=== Your task ===
Print out the data that follows exactly, character for character, apart from the pictures.

=== Data extract ===
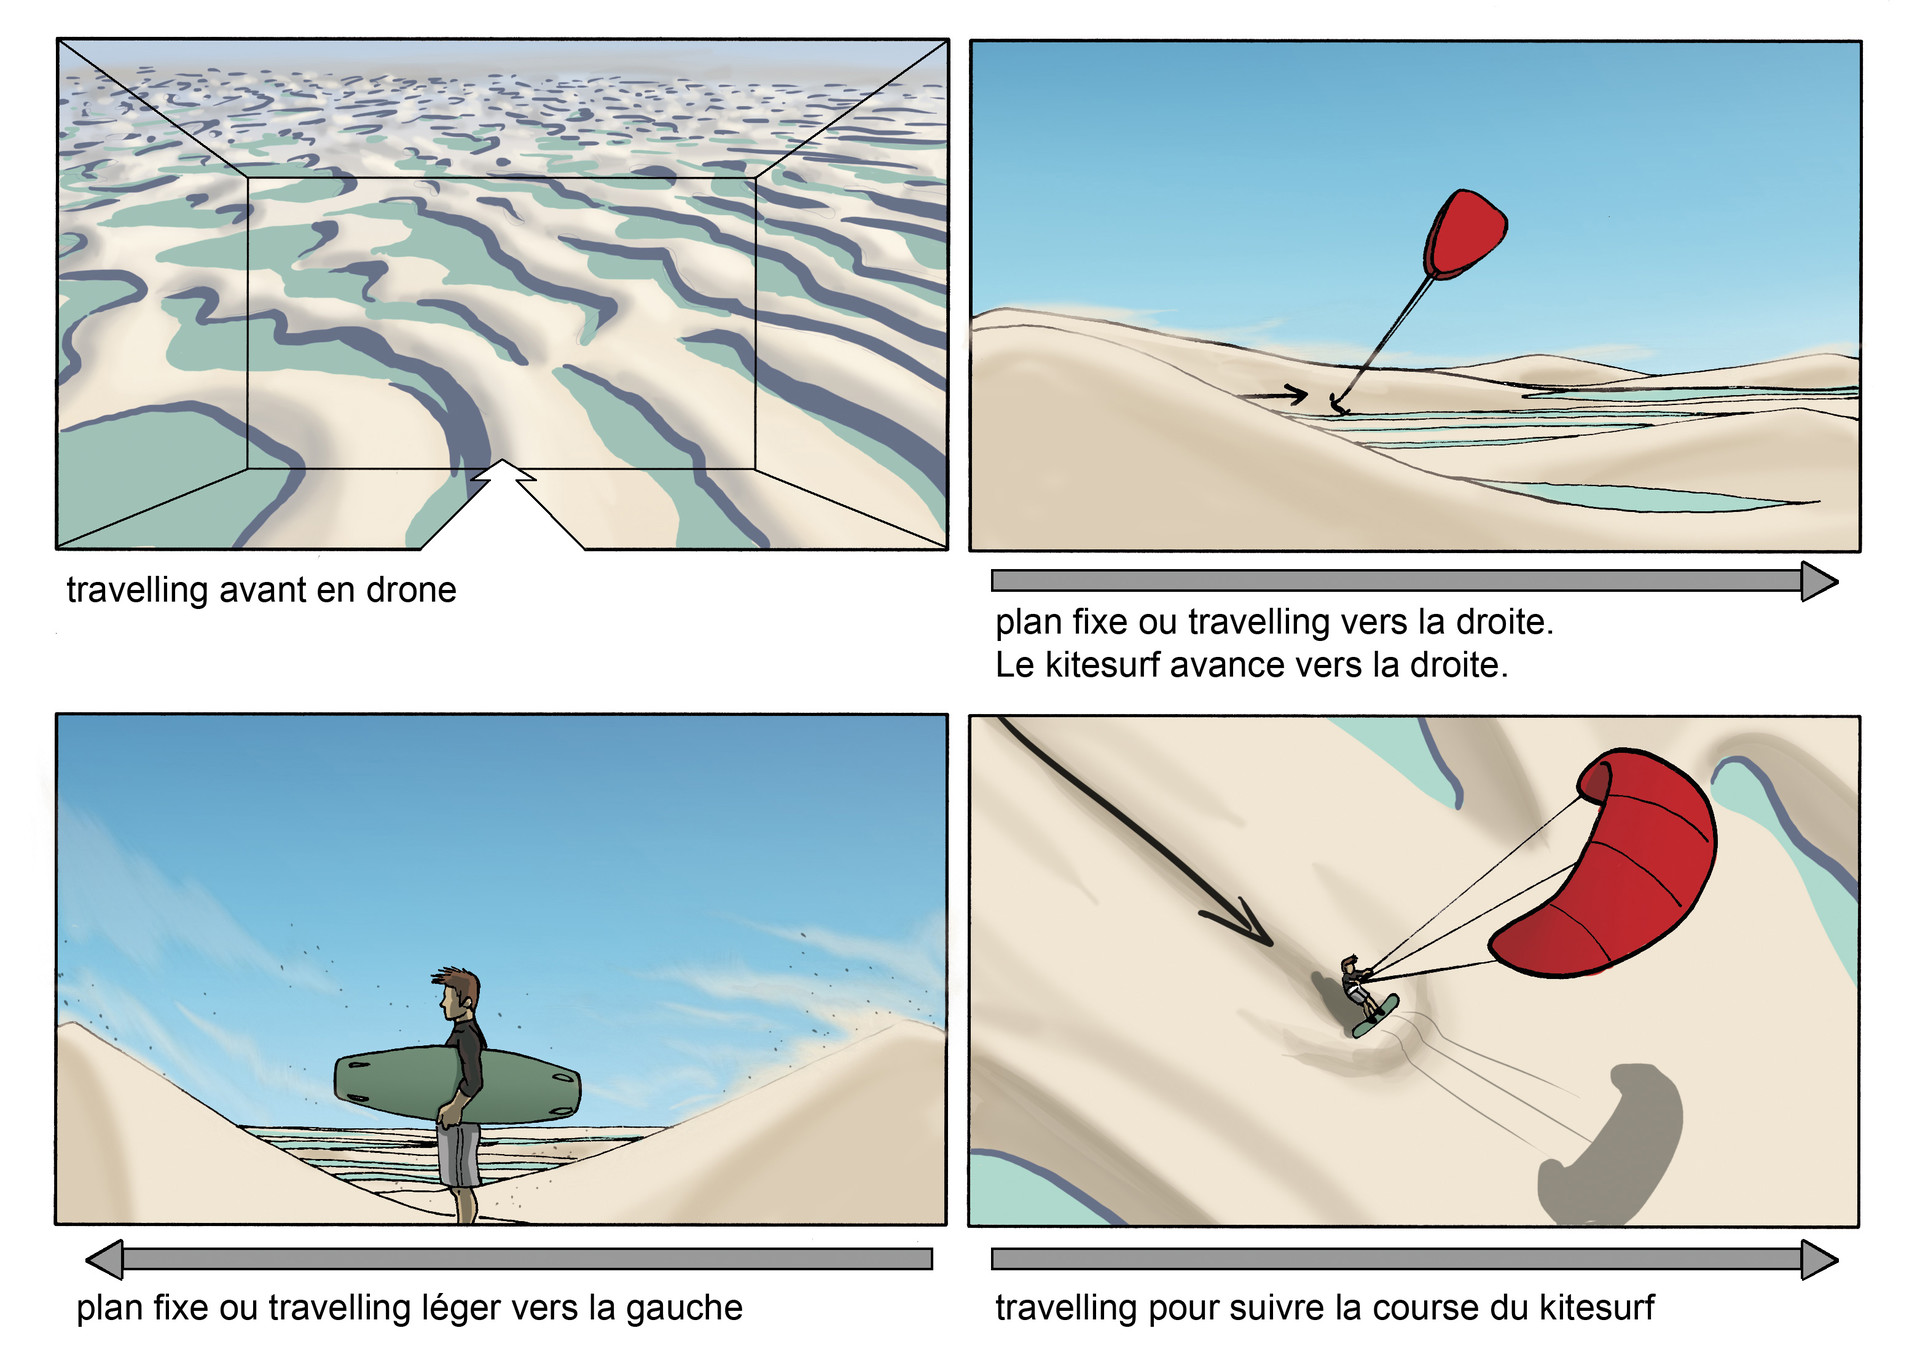 Nina hayer storyboard kitesurf 1
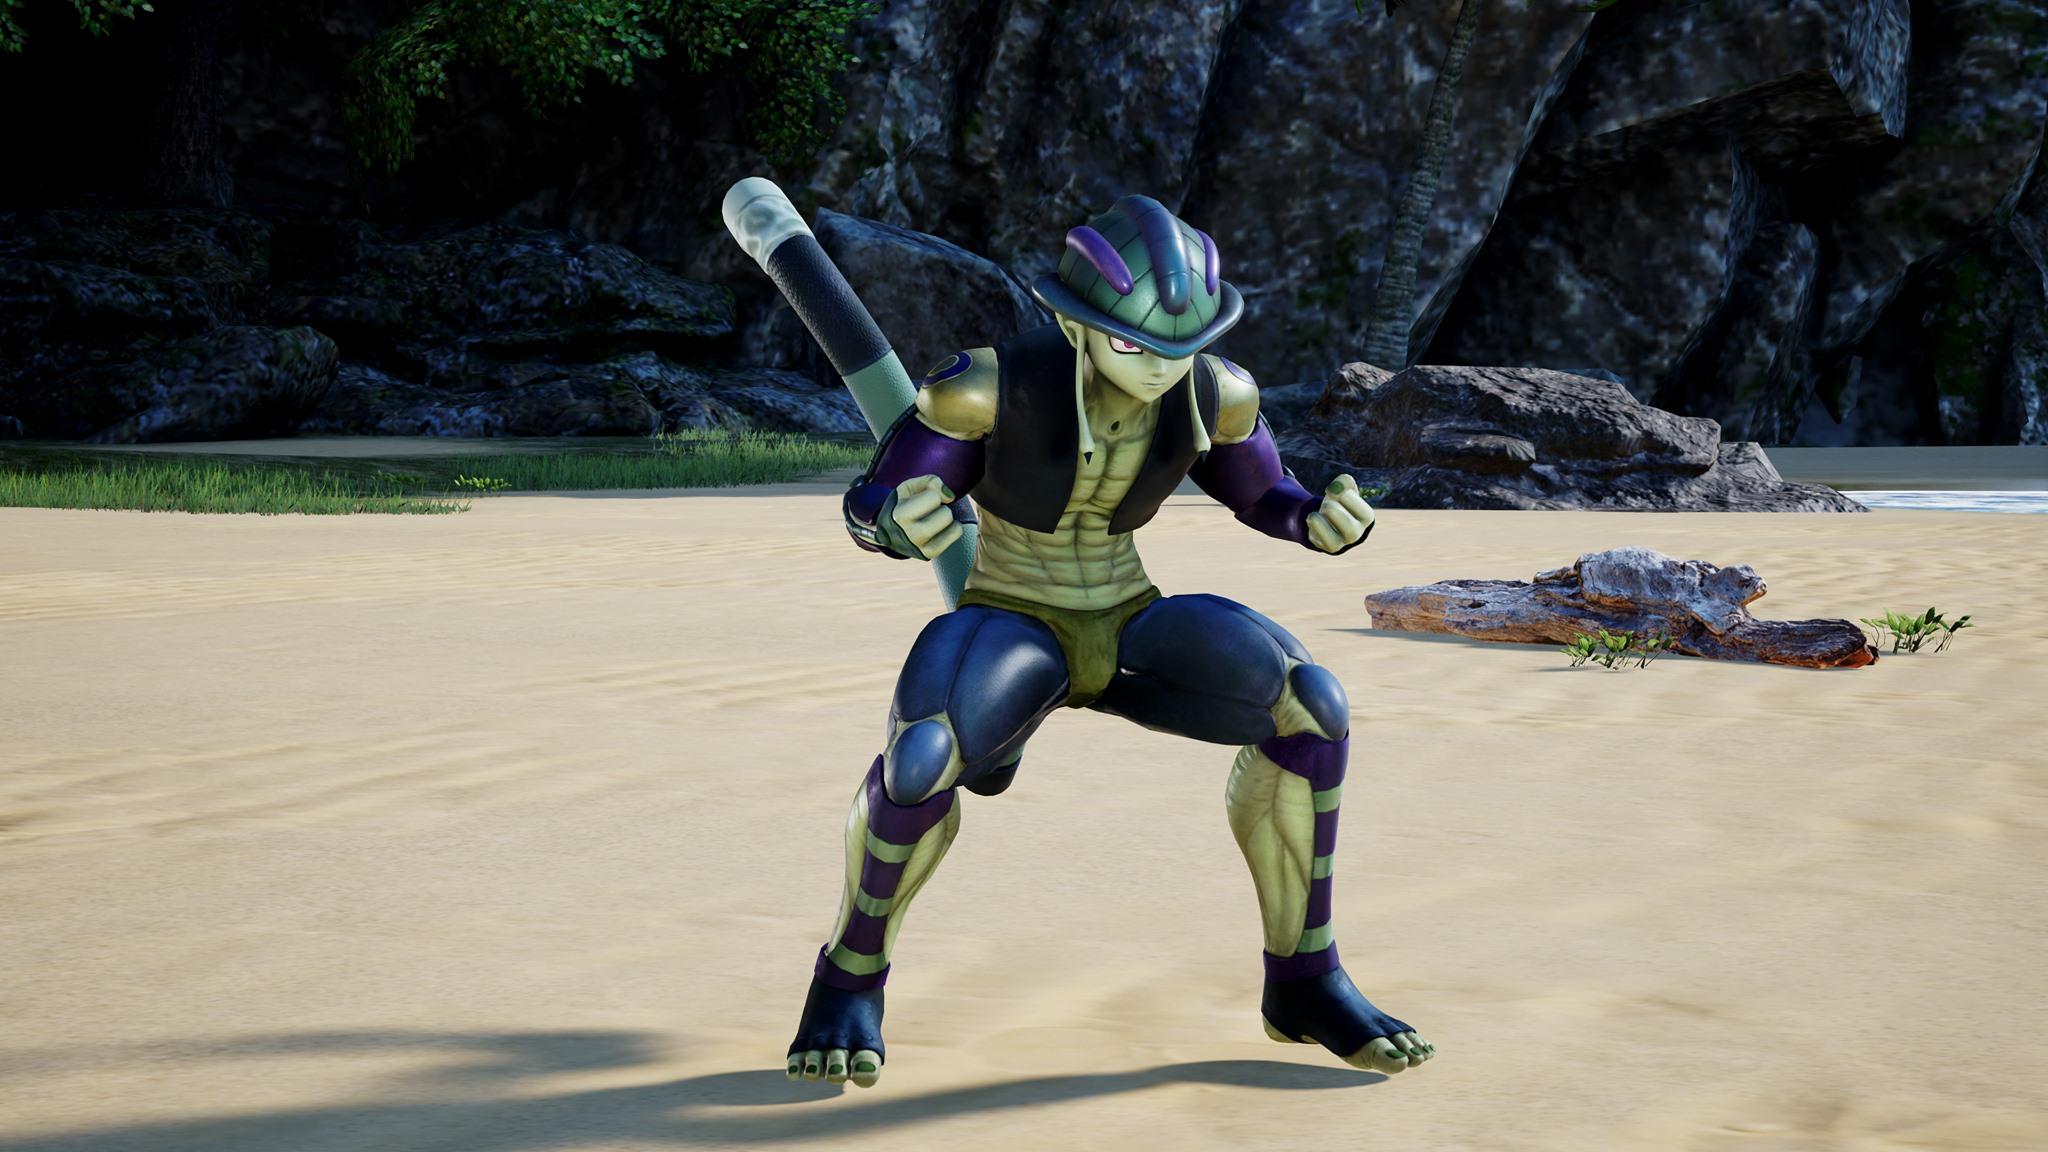 《Jump大乱斗》新DLC角色将于2020秋上线截图
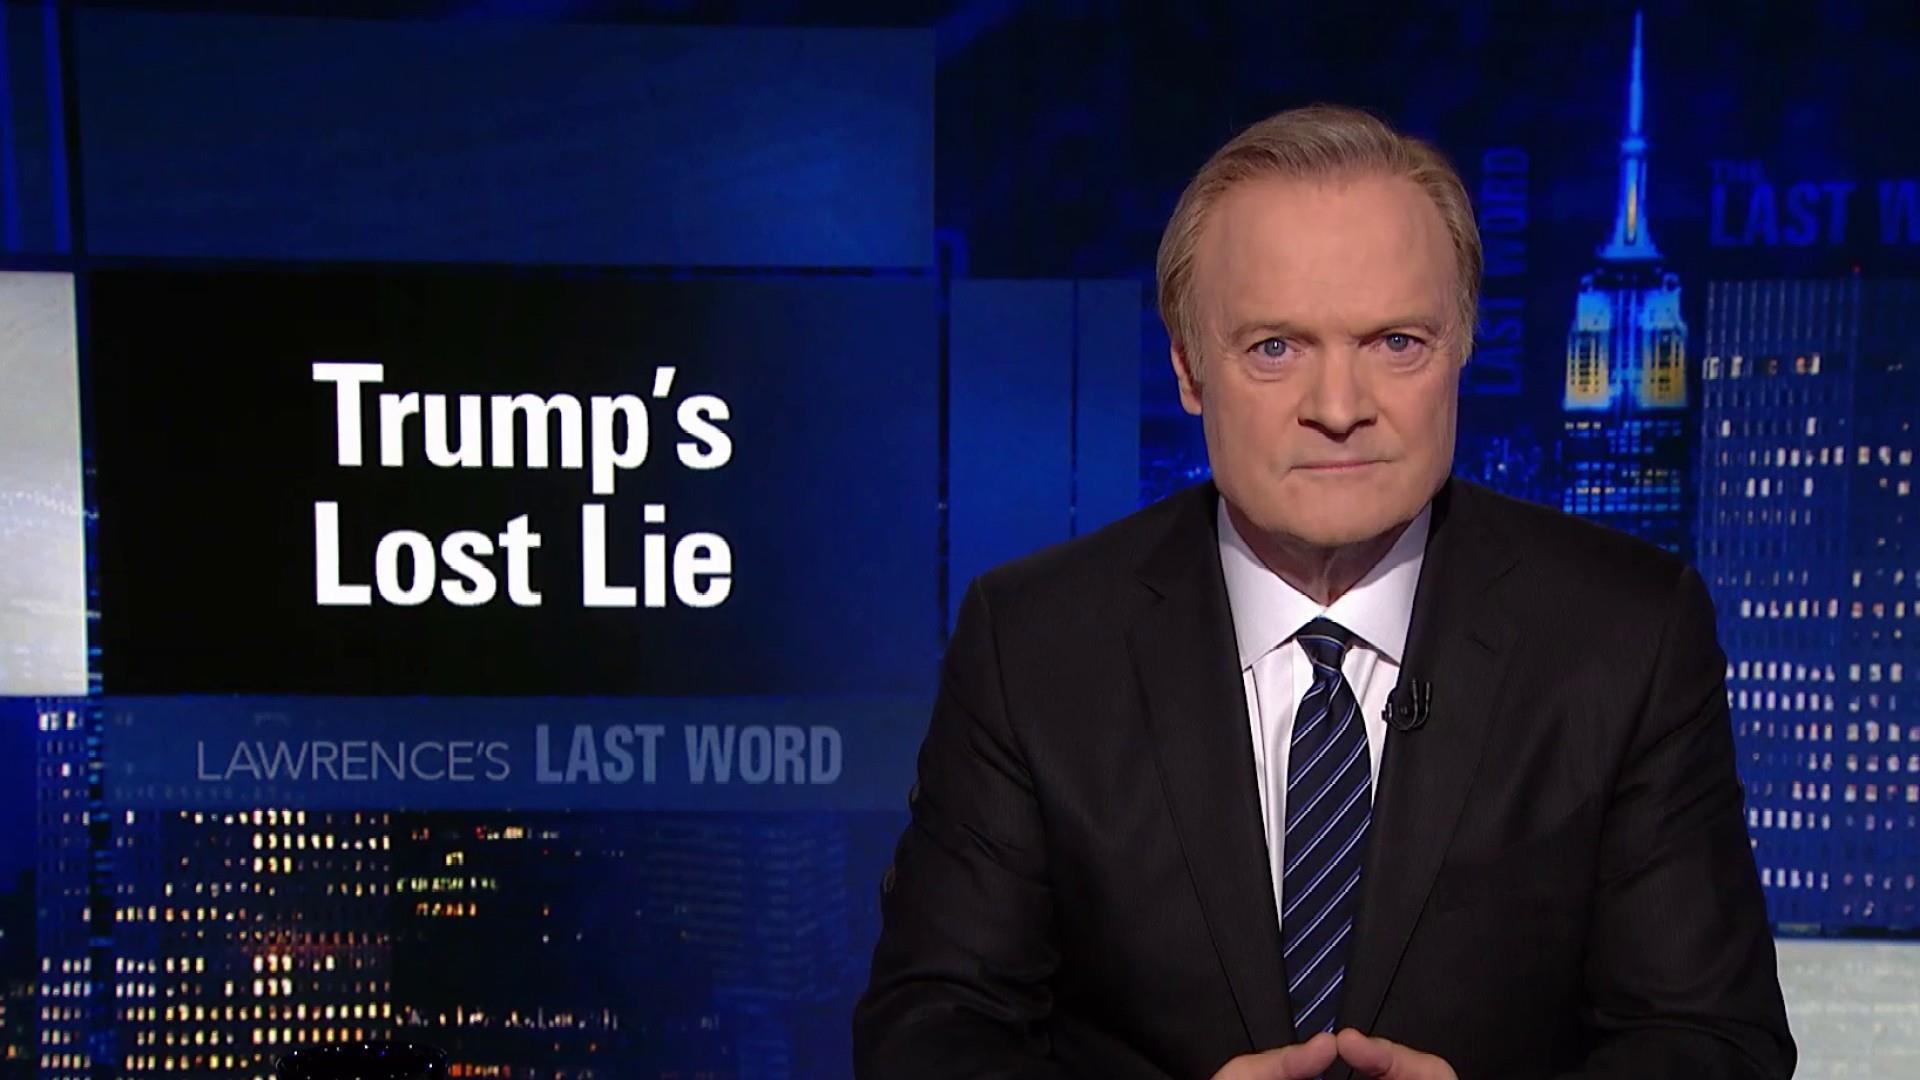 Lawrence's Last Word: Trump's Lost Lie
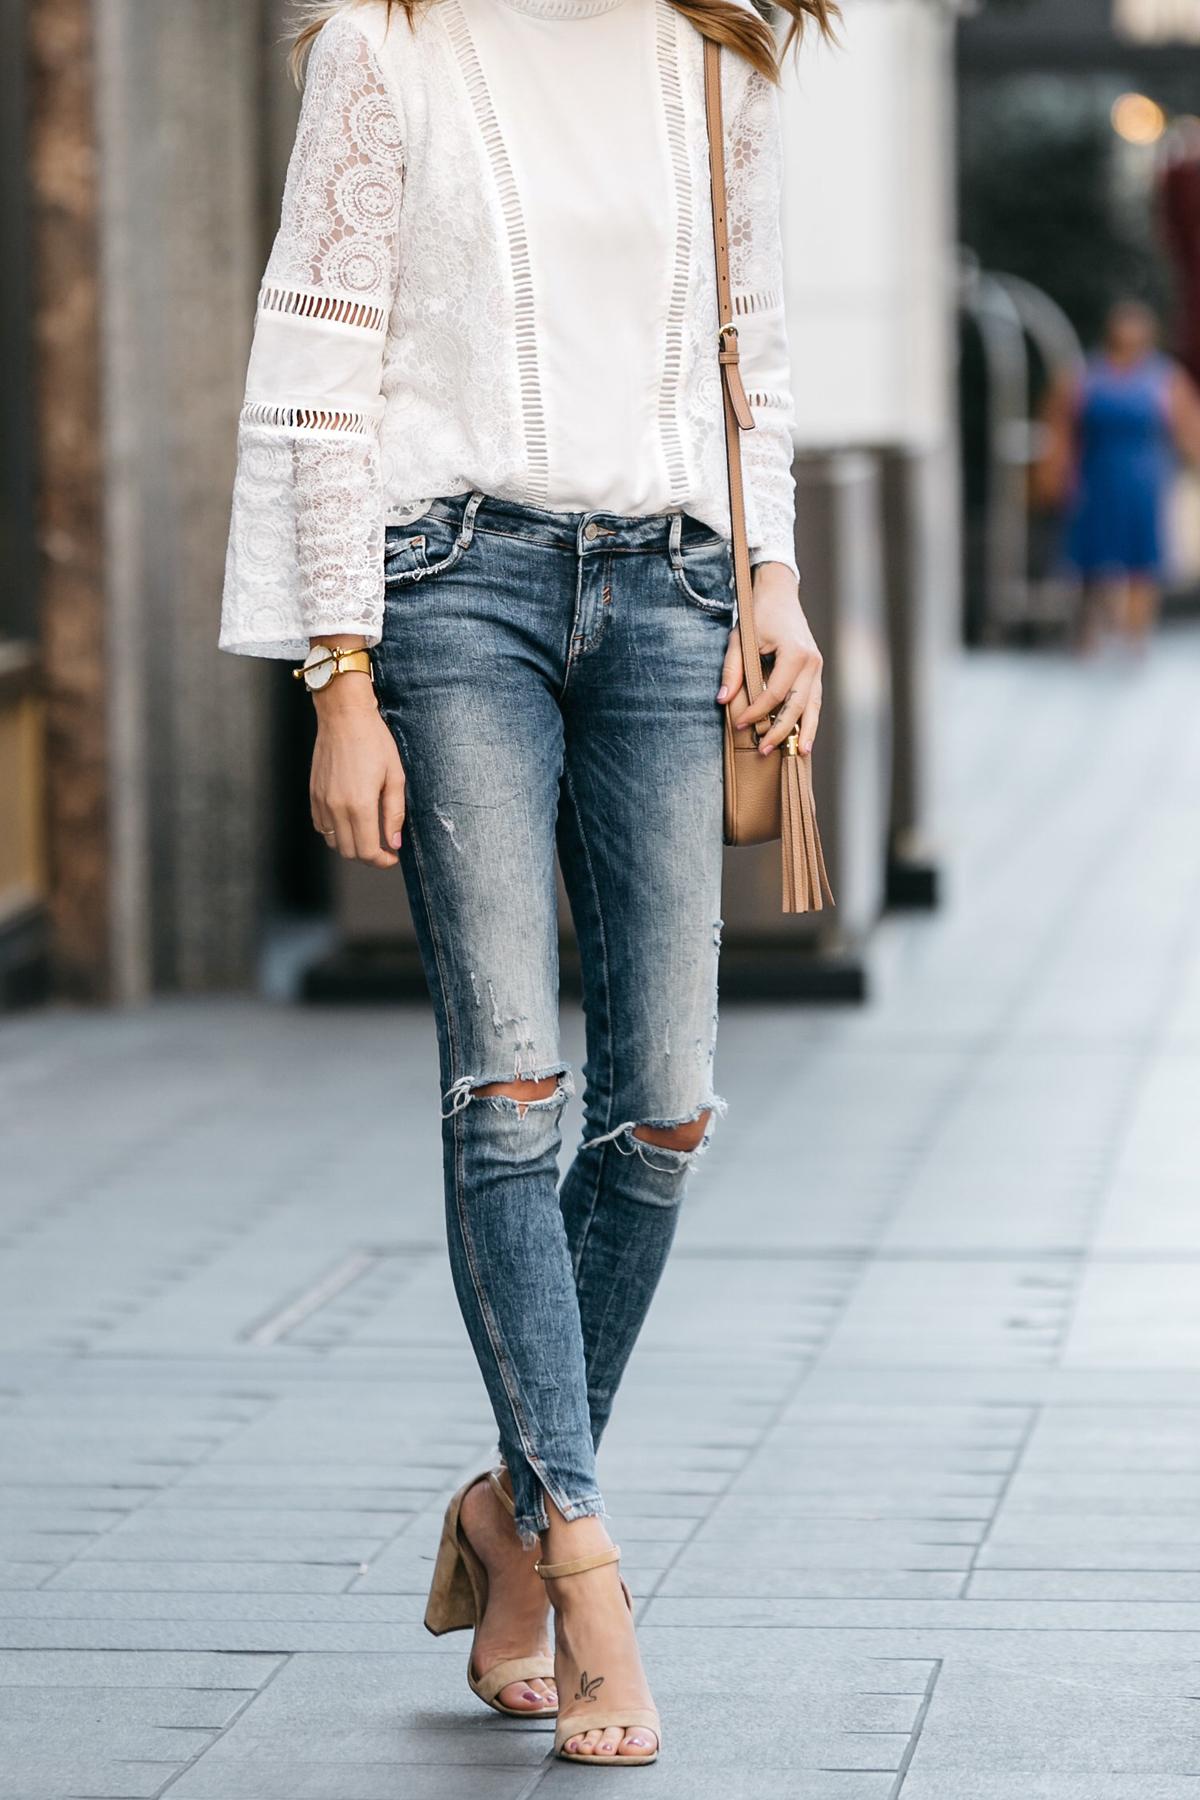 Fashion Jackson, Dallas Blogger, Fashion Blogger, Street Style, Mink Pink White Lace Top, Zara Denim Ripped Skinny Jeans, Gucci Soho Disco Handbag, Steve Madden Carrson Heeled Sandals

=== Expected output ===
 Nina hayer storyboard kitesurf 1
 《Jump大乱斗》新DLC角色将于2020秋上线截图
 Lawrence's Last Word: Trump's Lost Lie
 Fashion Jackson, Dallas Blogger, Fashion Blogger, Street Style, Mink Pink White Lace Top, Zara Denim Ripped Skinny Jeans, Gucci Soho Disco Handbag, Steve Madden Carrson Heeled Sandals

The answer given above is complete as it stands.